O jornalista James Foley podia ter mais valor político do que monetário para o ISIS (Estado Islâmico do Iraque e do Levante), que entretanto se faz chamar Estado Islâmico. Mas os sequestradores do repórter (ou quem o tinha – os raptores costumam ser subcontratados) também sabiam que as possibilidades de conseguirem dinheiro eram escassas.

“O sequestro para obter um resgate já é a principal fonte de financiamento do terrorismo. Cada transação promove outra”, avisava, em 2012, David S. Cohen, secretário adjunto do Departamento do Tesouro dos EUA. O negócio tem pouco mais de dez anos e os seus ganhos têm substituído os donativos de multimilionários, a fonte de rendimento da Al-Qaeda inicialmente criada pelo saudita Osama bin Laden e pelo egípcio Ayman al-Zawahiri em 1988, numa localidade paquistanesa junto à fronteira afegã.

Zawahiri é hoje o líder do que resta do grupo inicial – o mesmo que rejeitou o ISIS e declarou que eram outros os seus representantes na Síria. O que a investigação do Times mostra é que raptos no Iémen (Al-Qaeda na Península Arábica), no Mali (Al-Qaeda no Magrebe Islâmico) ou Somália (milícias Shabab) são importantes a ponto de serem coordenados a partir do Paquistão e realizados com o mesmo protocolo.

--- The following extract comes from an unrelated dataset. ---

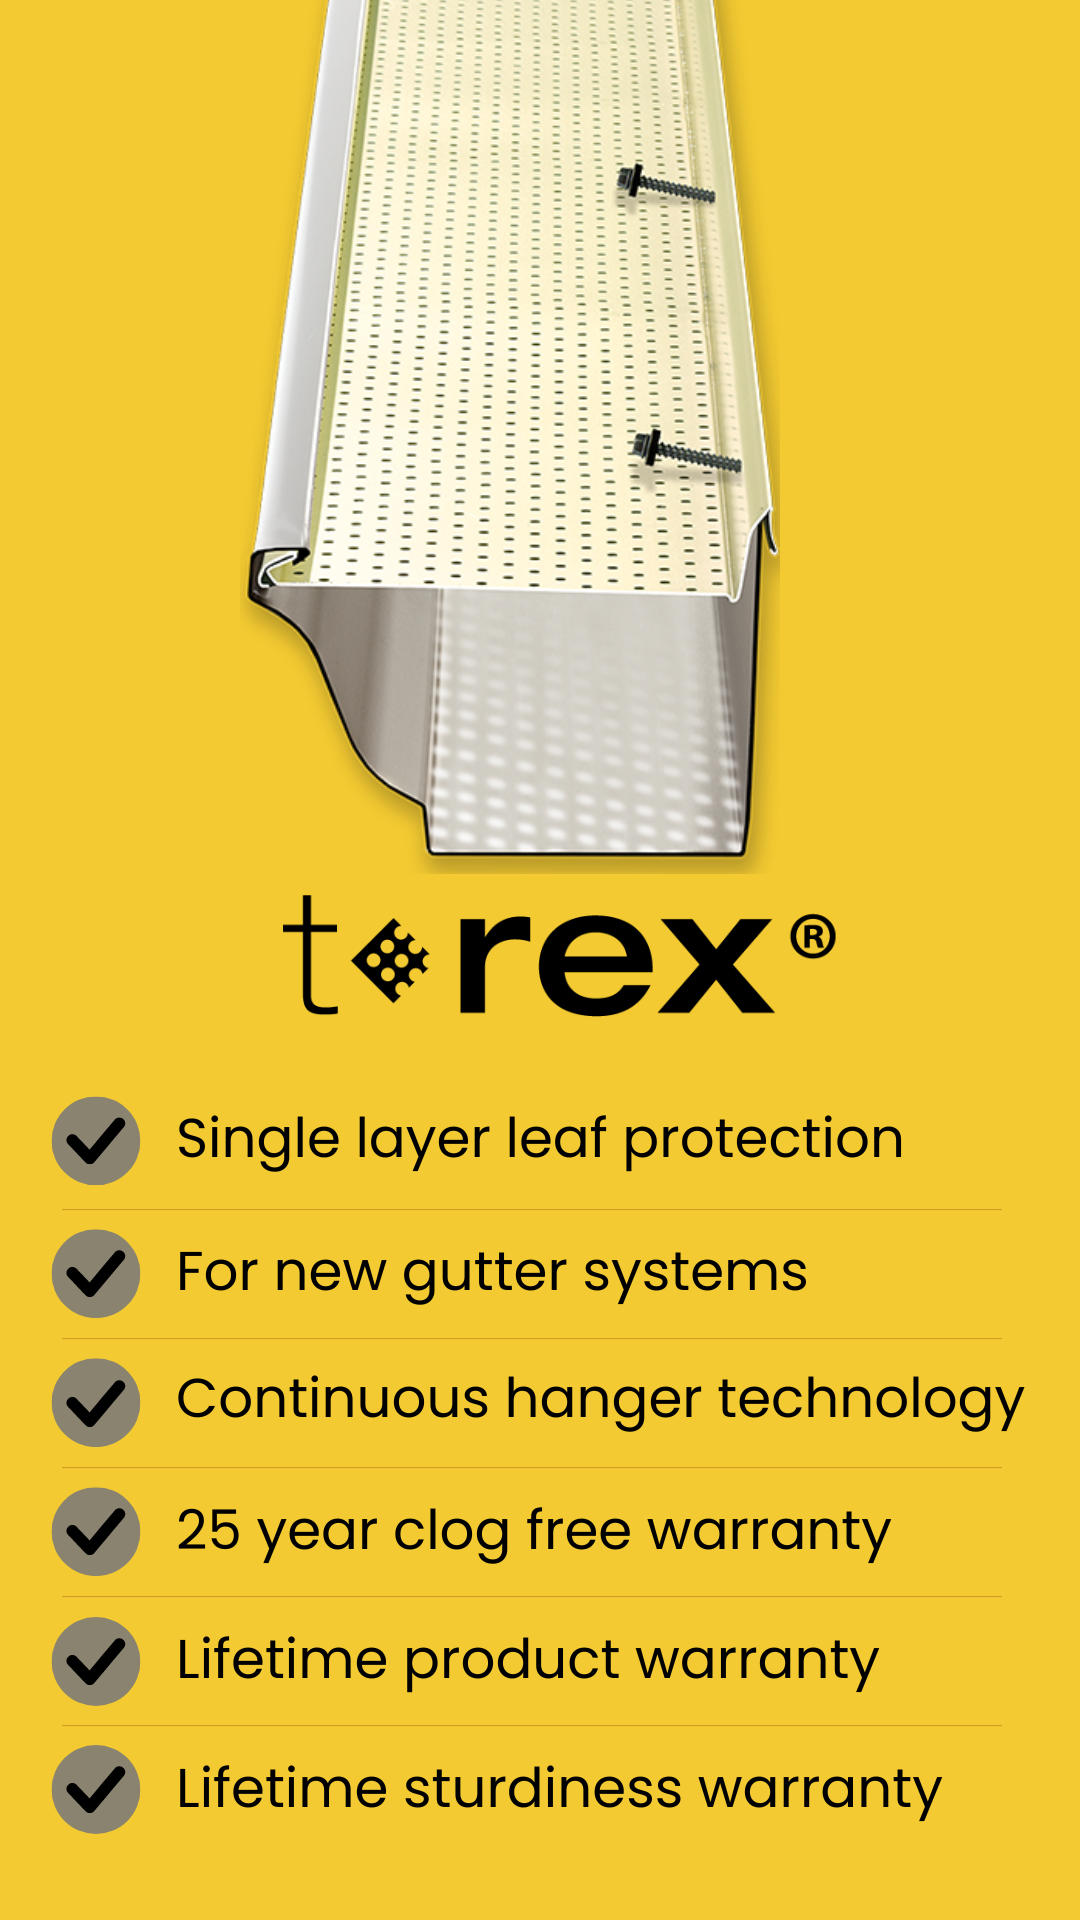 t-rex gutter cover product comparison image

Segundo os EUA, foi a Alemanha que pagou o primeiro resgate, em 2003, no Mali (os valores costumam surgir nos orçamentos nacionais como ajuda ao desenvolvimento). “O perigo não é só alimentarem o movimento terrorista mas tornarem todos os nossos cidadãos vulneráveis”, disse ao jornal de Nova Iorque Vicki Huddleston, ex-secretária adjunta da Defesa para Assuntos Africanos (embaixadora no Mali em 2003).

Esta quarta-feira, os jornalistas franceses Didier François e Nicolas Hénin revelaram ter conhecido Foley no cativeiro sírio. François foi capturado com o norte-americano e com ele permaneceu até ser libertado, em Abril. Foley, dizem, tinha “tratamento especial” por causa da nacionalidade. Segundo a revista alemã Focus, a França pagou em Abril 13,5 milhões de euros por quatro jornalistas, incluindo François. Paris desmente.